Your device is also subject to, among other requirements, the Quality System (QS) regulation (21 CFR Part 820), which includes, but is not limited to, 21 CFR 820.30. Design controls; 21 CFR 820.90. Nonconforming product; and 21 CFR 820.100, Corrective and preventive action. Please note that regardless of whether a change requires premarket review, the QS regulation requires device manufacturers to review and approve changes to device design and production (21 CFR 820.30 and 21 CFR 820.70) and document changes and approvals in the device master record (21 CFR 820.181).

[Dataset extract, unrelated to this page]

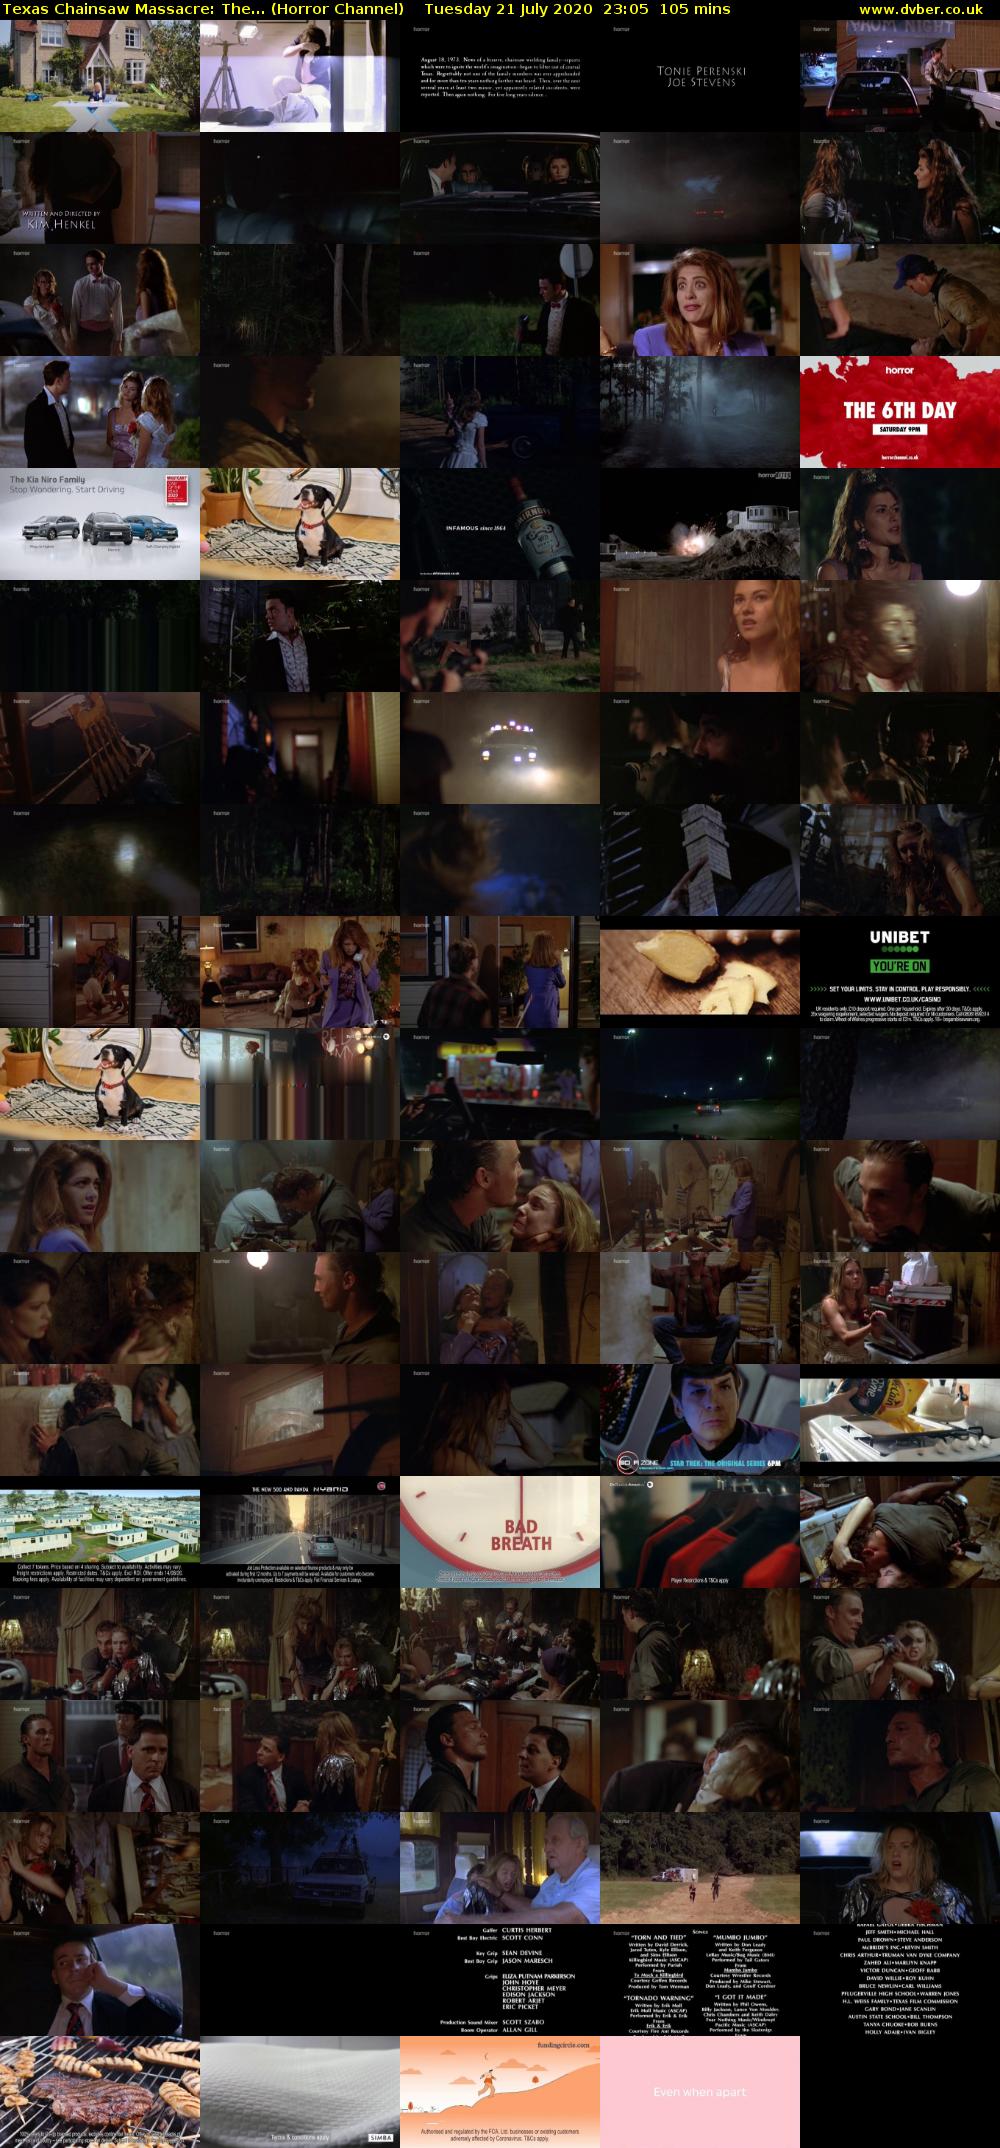 Texas Chainsaw Massacre: The... (Horror Channel) Tuesday 21 July 2020 23:05 - 00:50

Please be advised that FDA's issuance of a substantial equivalence determination does not mean that FDA has made a determination that your device complies with other requirements of the Act or any Federal statutes and regulations administered by other Federal agencies. You must comply with all the Act's requirements, including, but not limited to: registration and listing (21 CFR Part 807); labeling (21 CFR Part 801); medical device reporting of medical device-related adverse events) (21 CFR Part 803) for devices or postmarketing safety reporting (21 CFR Part 4, Subpart B) for combination products (see https://www.fda.gov/combination-products/guidance-regulatory-information/postmarketing-safety-reportingcombination-products); good manufacturing practice requirements as set forth in the quality systems (QS) regulation (21 CFR Part 820) for devices or current good manufacturing practices (21 CFR Part 4, Subpart A) for combination products; and, if applicable, the electronic product radiation control provisions (Sections 531-542 of the Act); 21 CFR Parts 1000-1050.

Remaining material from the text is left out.